My niece, Zoe Solamo. Picture credit: Vanessa Solamo Merida

Data from the internet need to be analyzed as it may not be the truth. There is no one way of looking at the truth. The truth of the majority is oftentimes overrated; and as a tool in democracy or for crystallizing consensus, it can be challenged always. New normals are sprouting everyday in the name of political correctness. All time passions include multiculturalism, self determination, non discrimination based on sexual orientation/ gender identity, inclusion, equality, security, development, & human rights.
As you will find out, it matters if we look at life positively. I was reading again the 2008 speech of the Harry Potter author, J.K. Rowling, before the Harvard graduates and she talks about the benefits of failure and imagination. How she took refuge in reading and writing when life was at its ebb. She also talks about lifelong friendships built with fellow graduates who became godparents of her children. I resonate with this as I have also nurtured friendships with classmates and workmates. They are friendships which have paced not only across the years and across oceans but also in the choice of causes & community activism.

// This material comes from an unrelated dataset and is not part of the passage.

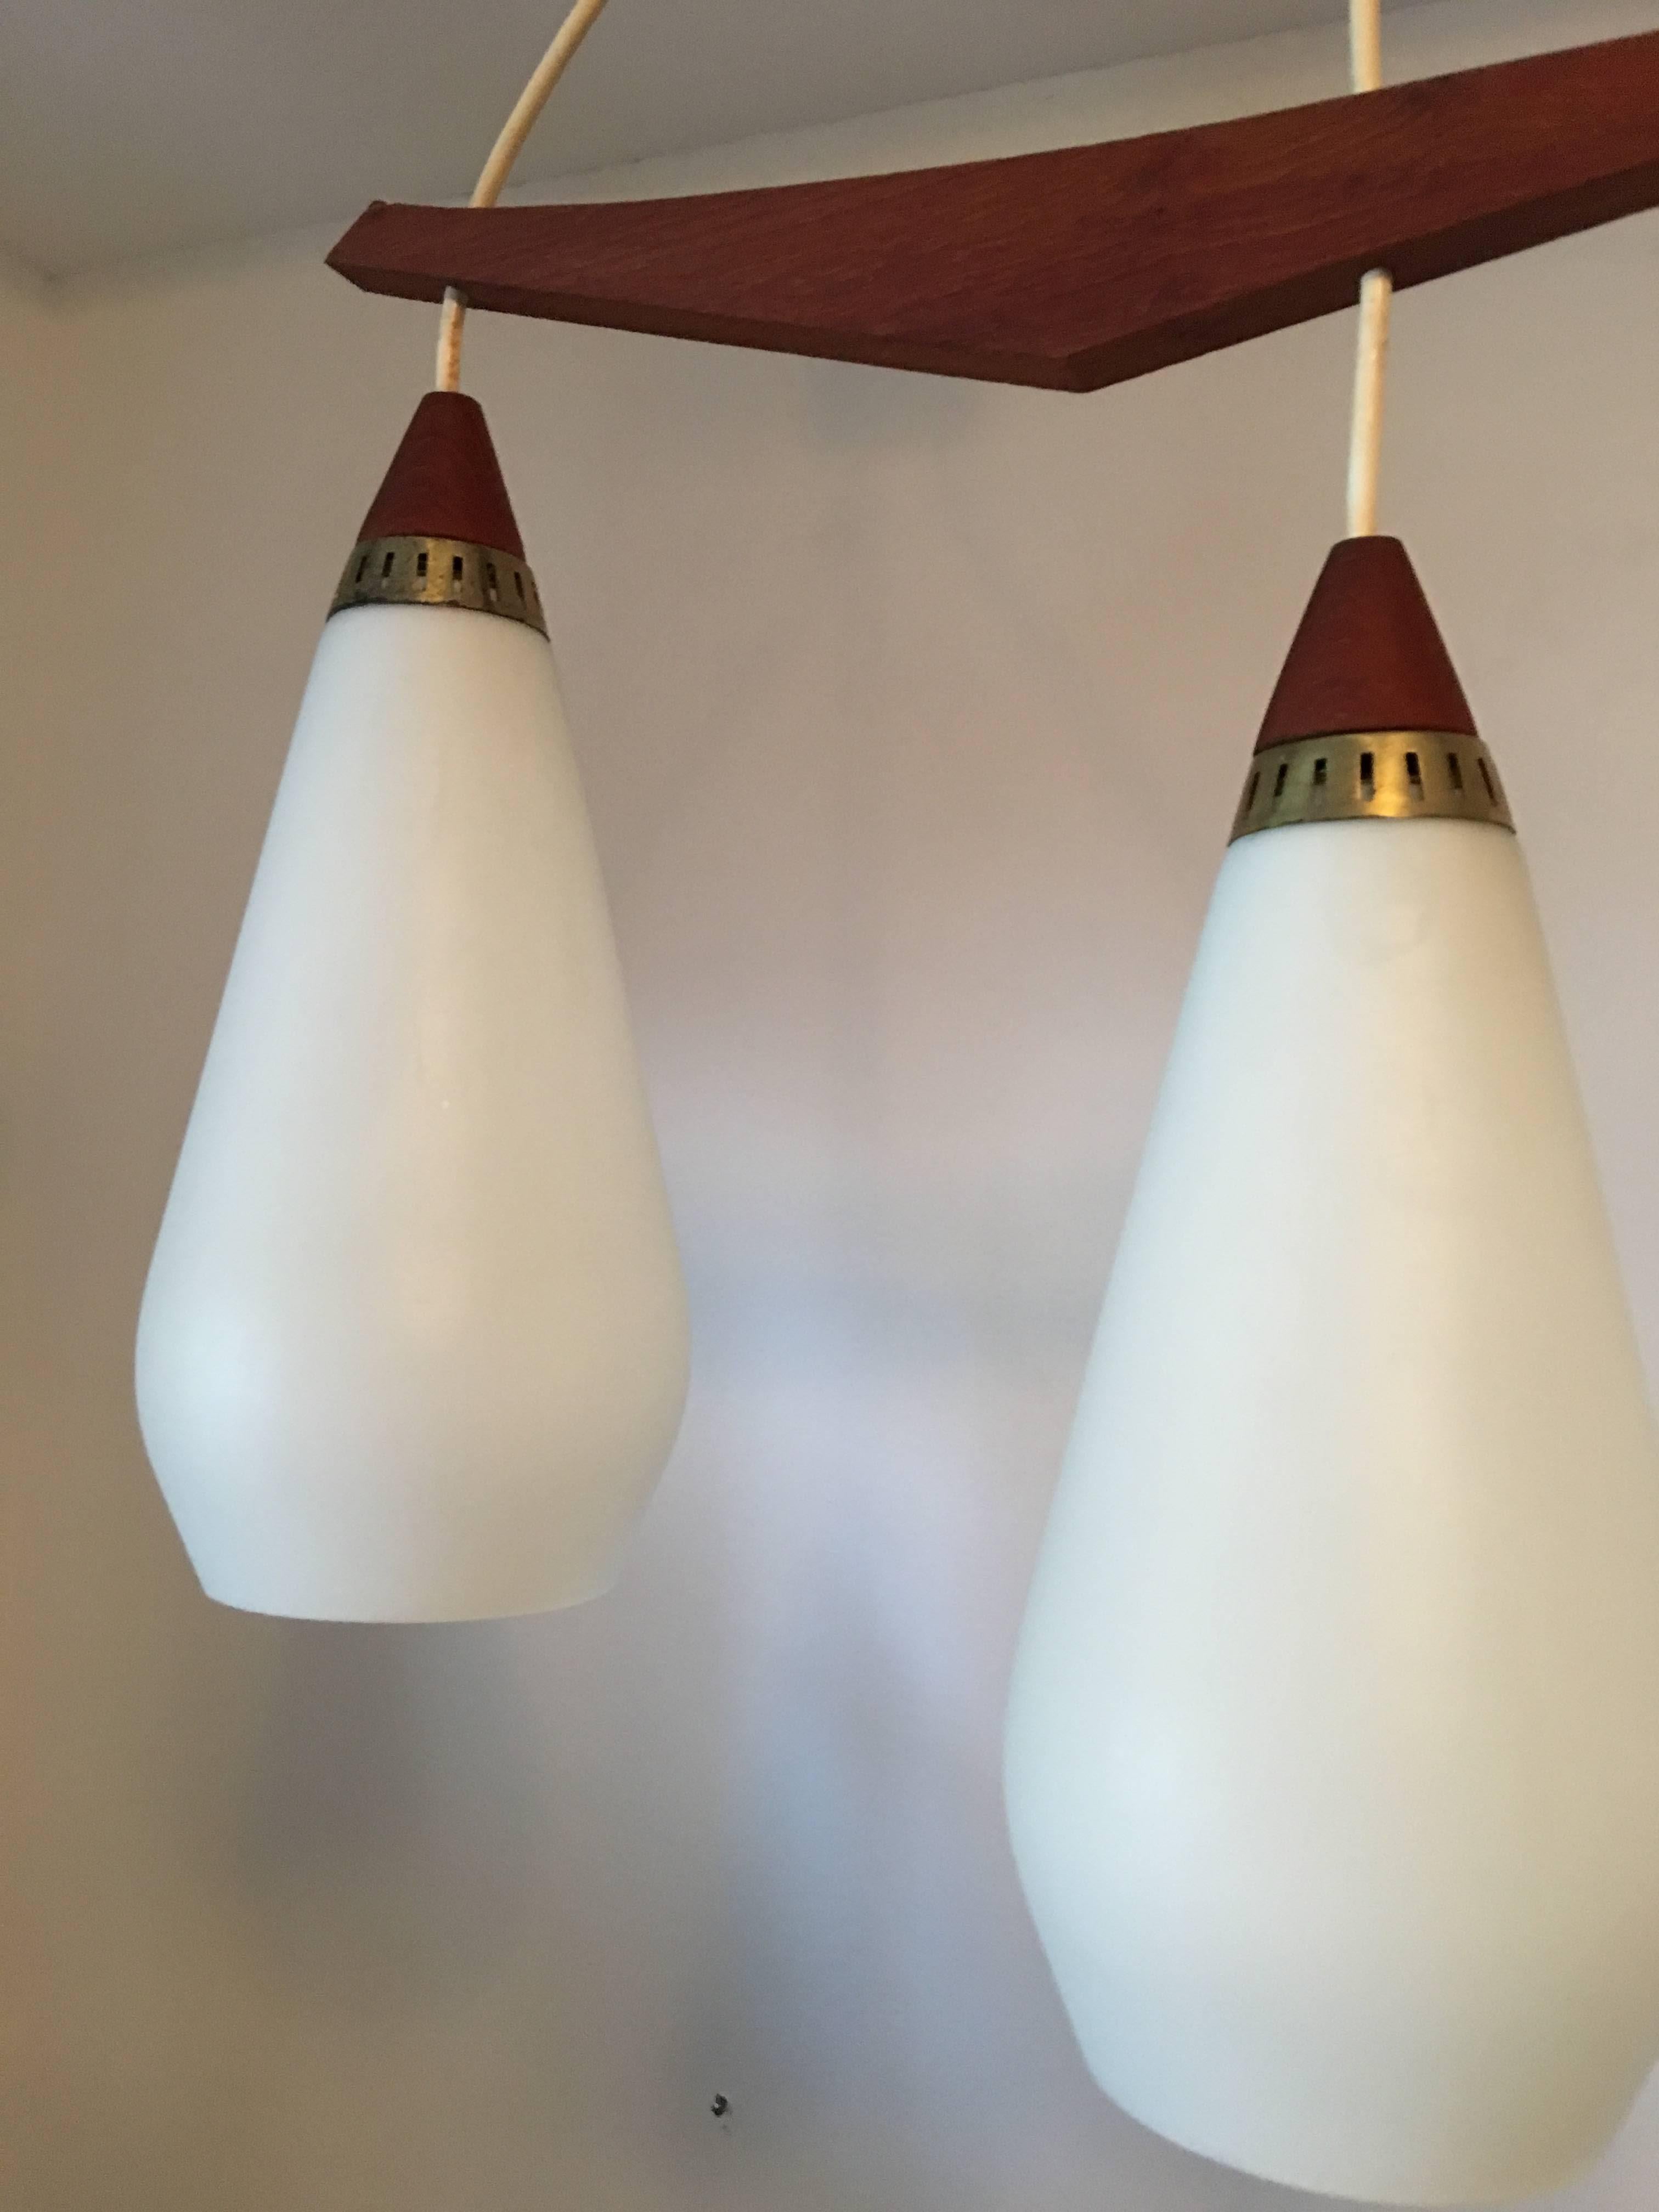 1960s Danish Teak and Milk Glass Chandelier In Good Condition For Sale In Frisco, TX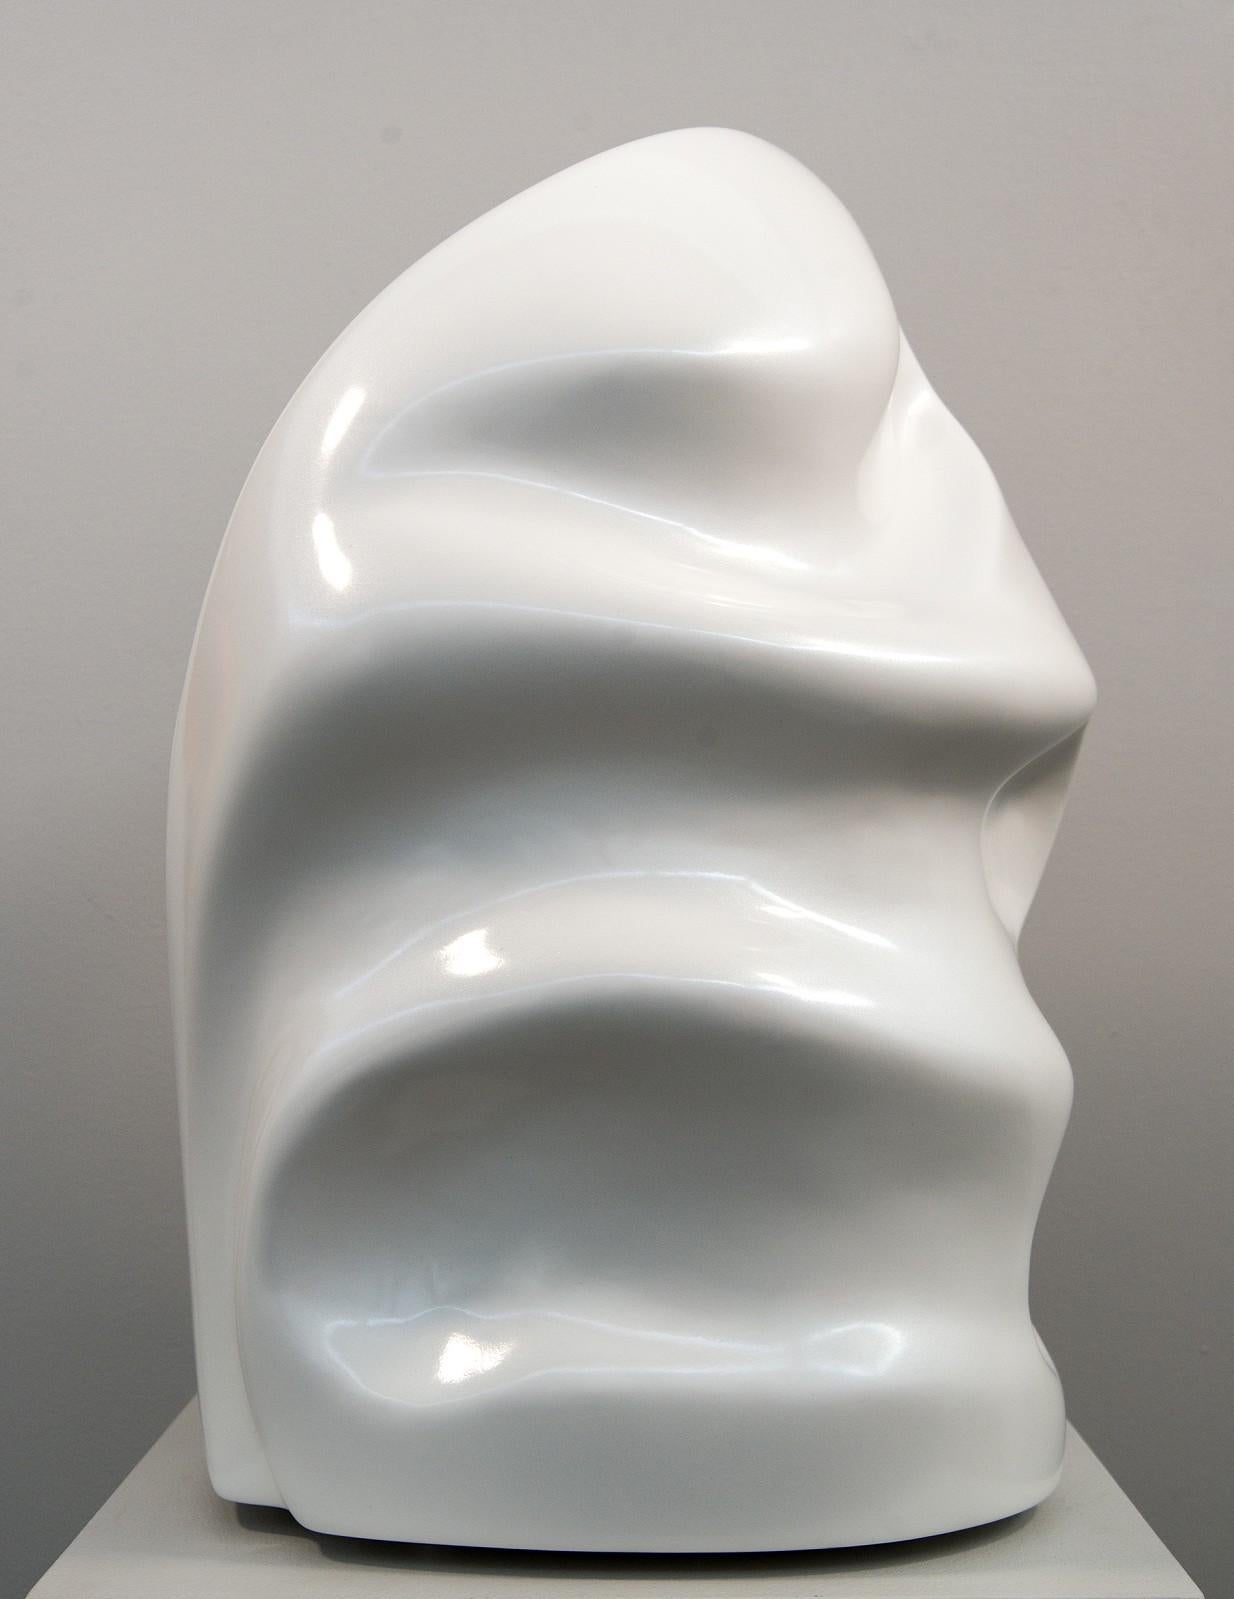 Sage AP - white, swirling, gestural abstract, resin sculpture - Sculpture by Tim Forbes

My sorority in college was founded by feminists & thus promoted principles of equality & development. Given the kind of fraternities we see around now, there is a need to revisit not only the violence that have visited these so called sisterhood/brotherhood enclaves but also the kind of exclusions all these have promoted. These enclaves whose admissions are based on archaic concepts of seniority & violence are anathema to solidarity & sharing. We can only rest assured if academia & our community will help ensure the enforcement of laws & policy instruments to regulate these fraternities which have been allowed in the name of the right to association.
Life is planned in cycles: 12 + 1 years of basic education, college & education all the way, work, love & marriage or having children, & retirement. It is ideal that your work is influenced by your passions. But, with poverty all around, it will be an insult to those who do not have options like yours to say that our life work should be something that we want and love. Many toil in less than ideal material conditions. And so, contributing your bit to make this world a better place is a cliché worth believing as an ideology.

This is also the part where we say that riches & fame are not the sole yardsticks of success. You will have to determine what is important to you. It must be said, too, that politics within your spheres of influence are powerful tools for forging all that is good for your community at large.

There are narratives to your life. It has a past, a present and a future. Imagine them well. The narratives can be reviewed, rewritten and "rebranded" for as long as you find them to be true and they are you.